A few explanatory notes. “Private insurance” means private insurance as it operates in the US today, covering medically necessary health care for the majority of the population. Private insurance can still function if it only provides supplemental benefits. It can also function, as it does in many European countries, in a highly regulated mix of public and private coverage, where typically the vast majority are covered under a public system and a few can opt in to private coverage. For any of this to happen in the US requires a fundamental change in mindset and a rejection of conservative/libertarian fears of government, because government is an essential partner and regulator in all these systems, and is a central component in any model that seeks to have the private sector play a constructive role in health care coverage. And until it happens – and as long as the political right regards government as an enemy to be fought and suppressed – the central problems of costs, denials, complexities and mountains of paperwork will never be solved.

Some European countries have systems that superficially appear to be similar to the US one, such as Germany or Switzerland where everyone is insured by some nominally private non-governmental entity. The superficial similarities disappear as soon as one digs into the details, and discovers that the systems are as different as night and day. They would be virtually unrecognizable in a US context. Before the ACA, US health insurance was exactly like car insurance.
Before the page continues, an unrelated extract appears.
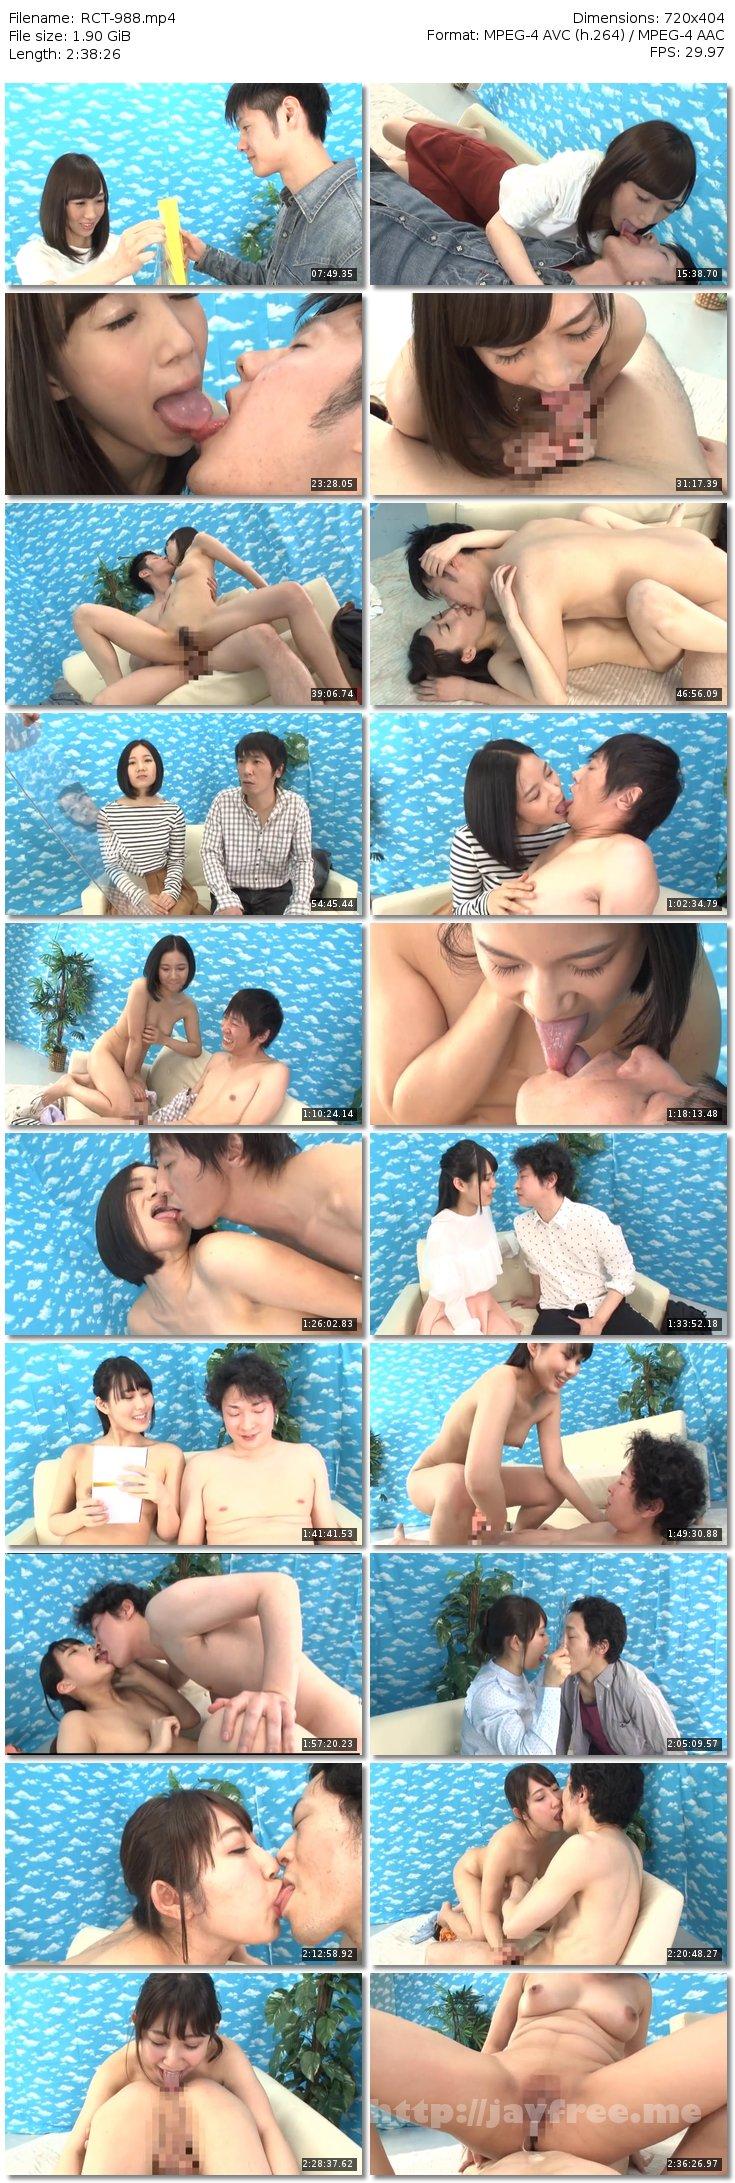 [S2MCR-04] Model Collection Remix 04 : ふわりゆうき, 相島奈央, 本多成実 ( ブルーレイ版 ) - image RCT-988 on http://javcc.com

After the ACA, it become just a little less like car insurance. But in these European countries, for medically necessary services their health insurance systems are all fundamentally patient-centric, tightly regulated, community rated, intrinsically universal, and really more similar to single-payer than to conventional insurance.

No, I didn’t respond directly to each point you made in #105. I do acknowledge that the US healthcare system has issues, as I’ve never said it was perfect by any means. But that’s not the same as acknowledging that private insurance is the issue. I will now go back and address your bullet points on #105 more directly. Give me a little time.

Yes, as I recall, the Swiss system is somewhat like the ACA exchanges for an entire country. I think the ACA was modeled, at least somewhat, along those lines. The idea is that companies must provide coverage, government must subsidize, and individuals are mandated to buy. This is the basic Swiss model, and it was the original ACA model (only too weak on a few fronts).

I would also note that I have very little hassle in paperwork or in claim payment with my insurance. We use it a lot. Little to no hassle. Reasonable co-pays, deductibles…“what a nightmare”!